World Cup highlights weakness of Brazilian economy

Written by Deborah Ritchie
2014-06-11

The 2014 World Cup and the 2016 Summer Olympic Games have not and will not have a major positive impact on Brazil’s economy, according to analysis from Euler Hermes. The sluggish performance of the World Cup favourites is in stark contrast to current holders Spain, who topped the table of participating tournament countries surveyed.

The number of Spanish insolvencies is predicted to fall by 23% in 2014, which at first glance is positive news for a country hit hard by recession and the Eurozone crisis. Recent reforms have allowed export industries like the automotive sector to regain a competitive edge but Euler Hermes urges business to remain cautious, noting that the dramatic fall in insolvencies is a natural correction rather than signalling an overall improvement in the health of Spanish businesses.

Meanwhile, Brazilian businesses remain particularly vulnerable to external factors, including volatile exchange rates, commodity prices and developments in the Chinese economy, a key export market. Euler Hermes urges companies trading with Brazil to protect themselves against the risk of insolvency by using credit insurance.

In its latest economic research outlook, Euler Hermes reports that the two mega events will create more inflation than growth for Brazil. Lack of infrastructure, chronic under-investment, protectionism, high levels of taxation and a complicated business environment prevent Brazil from fully benefitting from the additional economic activity these events will generate.

“While research on mega events has shown positive short-terms effects on real activity, there is often a negligible or even negative long-term result – and Brazil’s economy poses particular problems,” said Ludovic Subran, Euler Hermes’ chief economist. “Not only has the country been unable to reap the full economic benefits of the World Cup, it now faces significant inflation that is impacting Brazilians’ everyday lives.”

Preparations to serve as World Cup and Olympic host have not prevented a sharp slowdown of the country’s economy during the last three years, with the trend unlikely to change. In 2014, Euler Hermes estimates that the positive impact of these events on real GDP growth will be limited to 0.2 percentage points (pp), at best. However, the impact on inflation could reach 0.5pp in 2014. Overall, the two events are expected to add around 2.5 percentage points (pp) to consumer price increases throughout the 2009-2016 period. The impact on economic activity is expected to decline gradually after 2014; consumer price effects could remain until 2020. The surge in inflation is already causing social unrest, which could result in deep structural reforms and a new political agenda.

In addition to increased inflation, other Brazil World Cup impacts include:

Minor impact on GDP and investment growth: Total infrastructure investment for the World Cup could reach BRL 26 billion (0.5% of GDP) between 2009 and 2014; spending for the Olympic Games is anticipated to be approximately BRL 12 billion (0.2% of GDP) between 2010-2016. These are small amounts relative to the country’s economy.
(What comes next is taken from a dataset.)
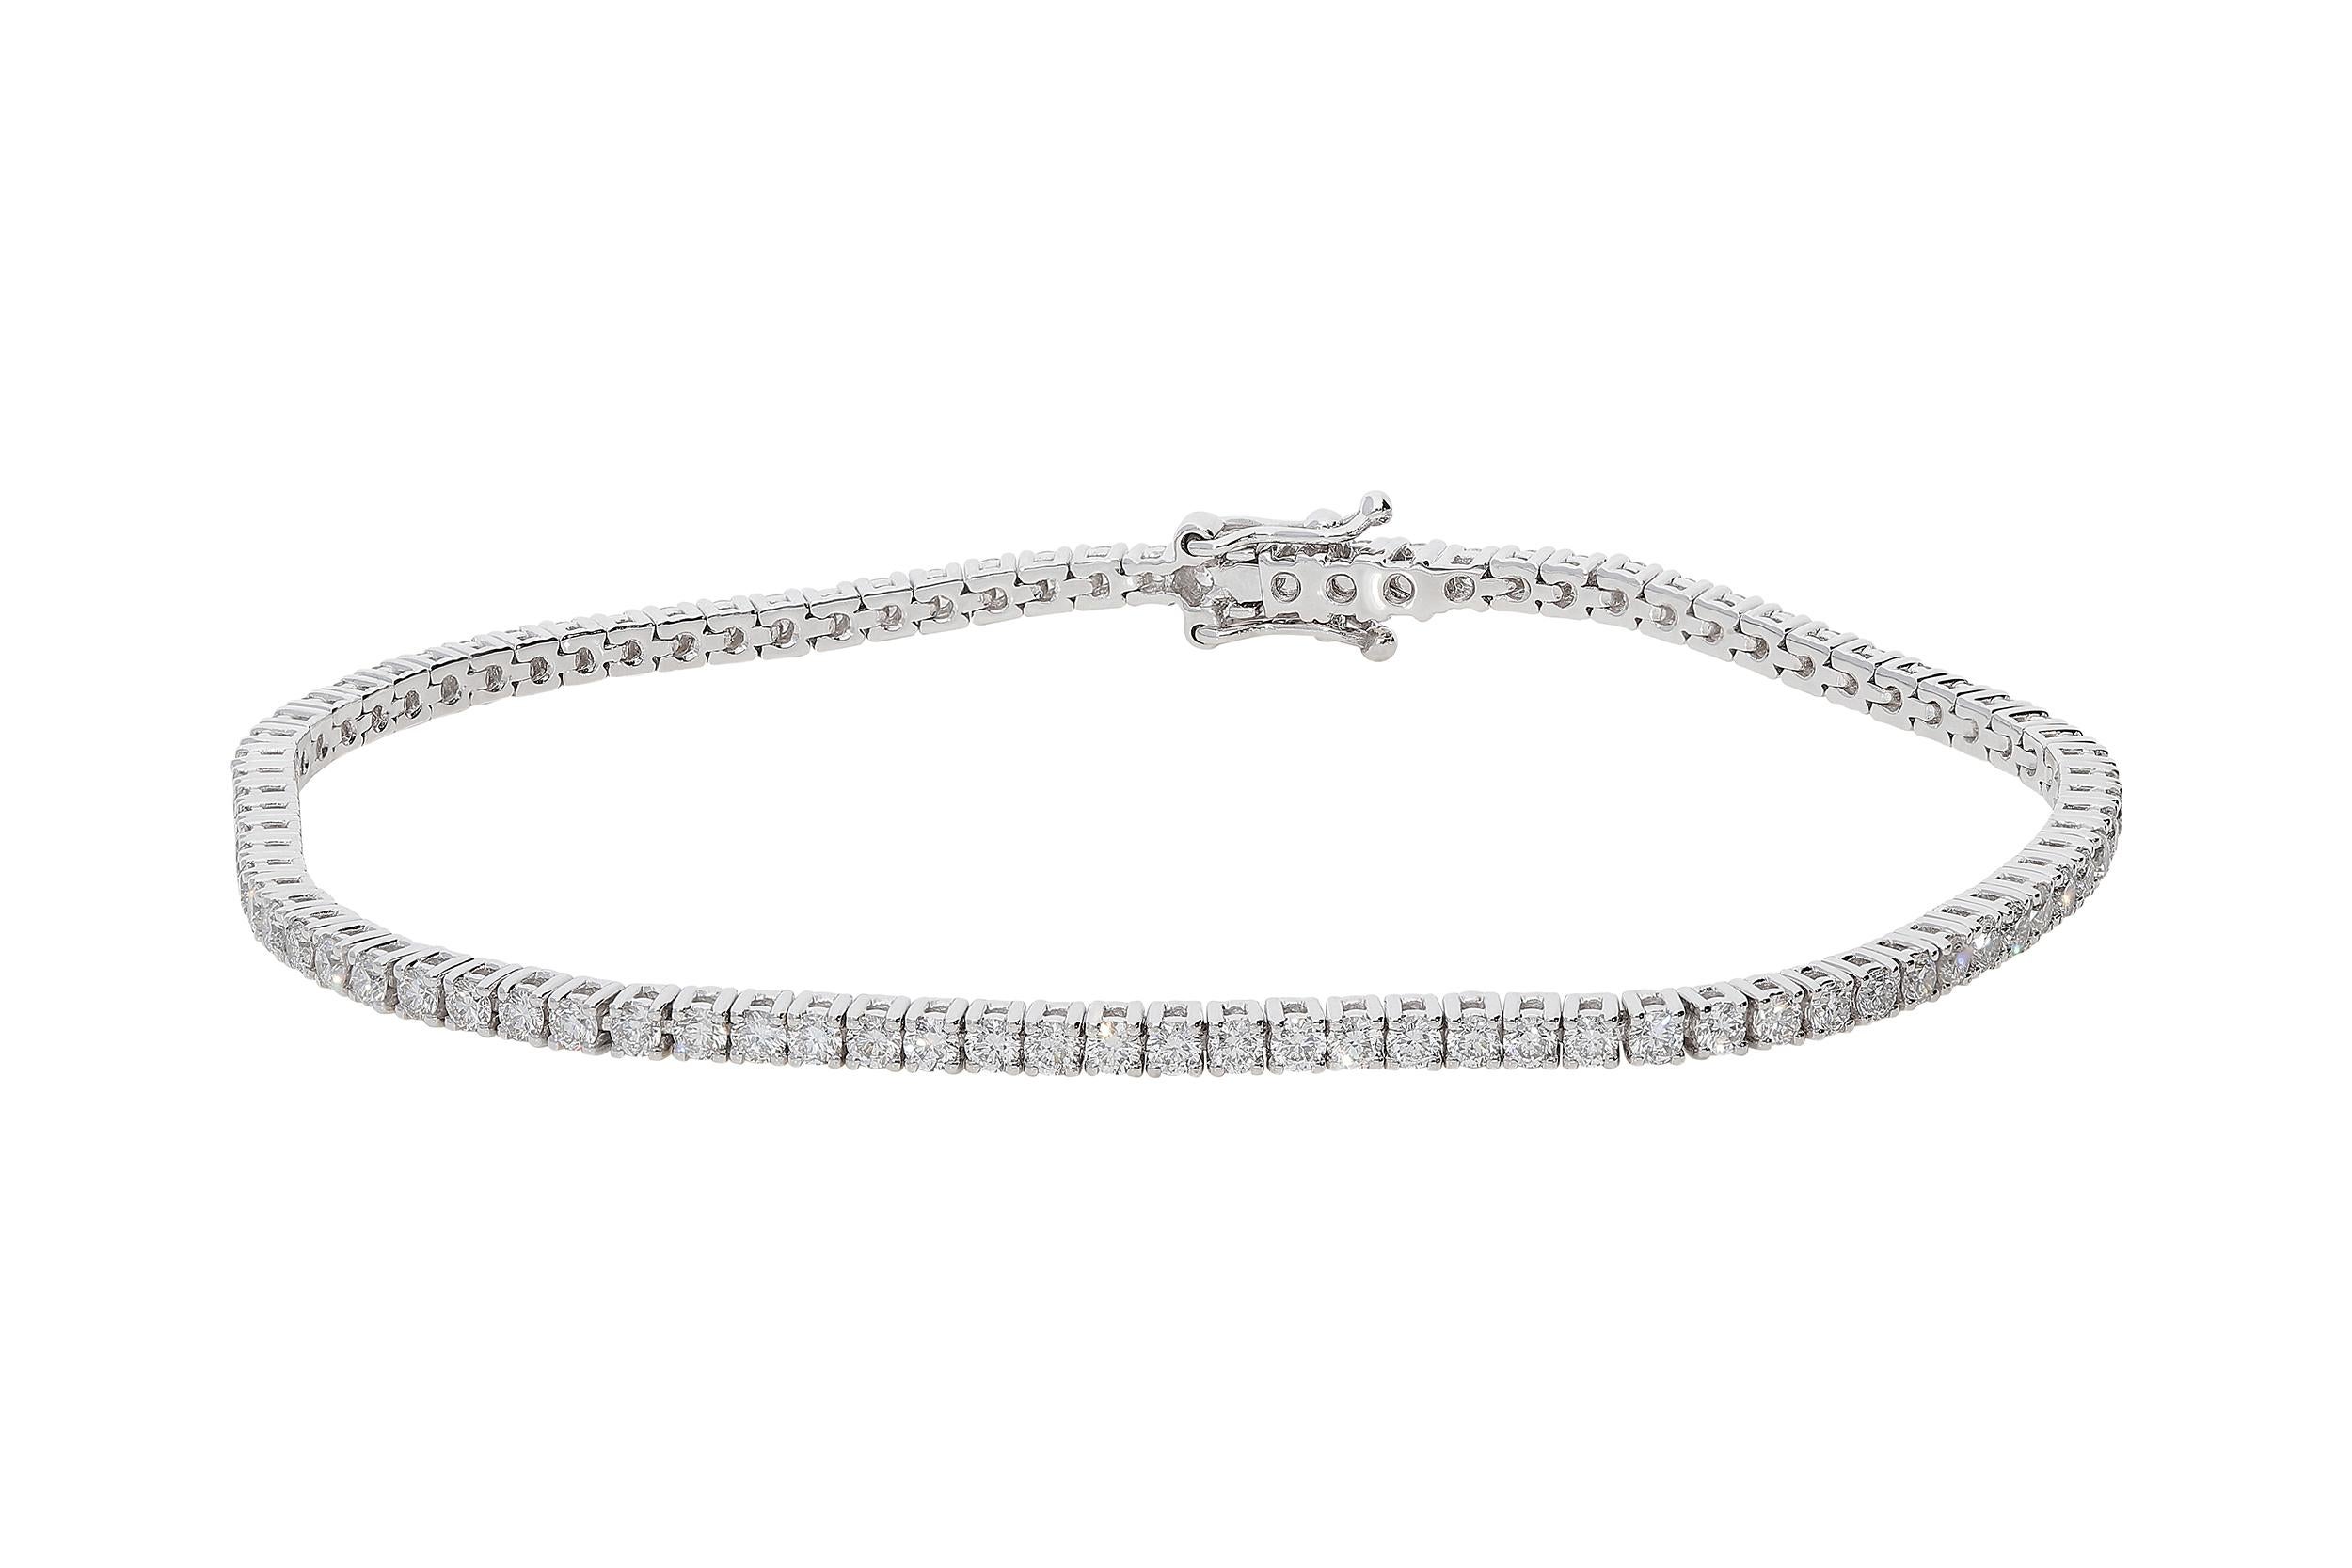 Tennis bracelet in 18kt white gold for a weight of 7,70 grams and white round brilliant diamonds color G clarity VS for 2,10 carats. The length is 17.50 centimeters and the width is 2.20 millimeters. Double safety eight on sides completes the

From 2009-2013, Euler Hermes estimates the investments have only added 0.5pp-0.8pp on average per year to real investment growth, and 0.1pp-0.15pp per year to real GDP growth. The impact is expected to decline gradually after 2014.


No long-lasting impact on employment: Authorities hope that the World Cup will generate about 700,000 jobs through 2014. With a Brazilian labour force estimated at over 100 million, the impact will be small, especially in the long run. Many new construction sector jobs will disappear once investment projects are concluded; tourism employment will be predominantly short-term and low-skilled.

Insolvencies to increase despite the mega events: Corporate insolvencies have been rising since 2011 as a consequence of the sharper-than-expected economic slowdown. The trend is predicted to continue due to the weakening of domestic demand, a tightening of monetary policy and rising bank interest rates. Euler Hermes expects that corporate insolvencies will increase by 9% in 2014 and a further 3% in 2015, despite the surge in infrastructure activity.

While these forecasts highlight Brazil’s inherent economic weaknesses, it’s not all bad news. The report predicts that no real estate bubble will be created in Brazil due to the mega events organisation. Additionally, the impact of the events on public finances will be limited and does not represent a major threat for fiscal figures; Euler Hermes estimates they will only add 1pp to the fiscal deficit for 2009-2016.

“As social unrest continues to grow in response to the surge in inflation, it would not be surprising to see the sporting calendar shape the political calendar during October’s presidential elections,” said Subran. “Ultimately, deep structural reforms could be the real mega event for the Brazilian economy.”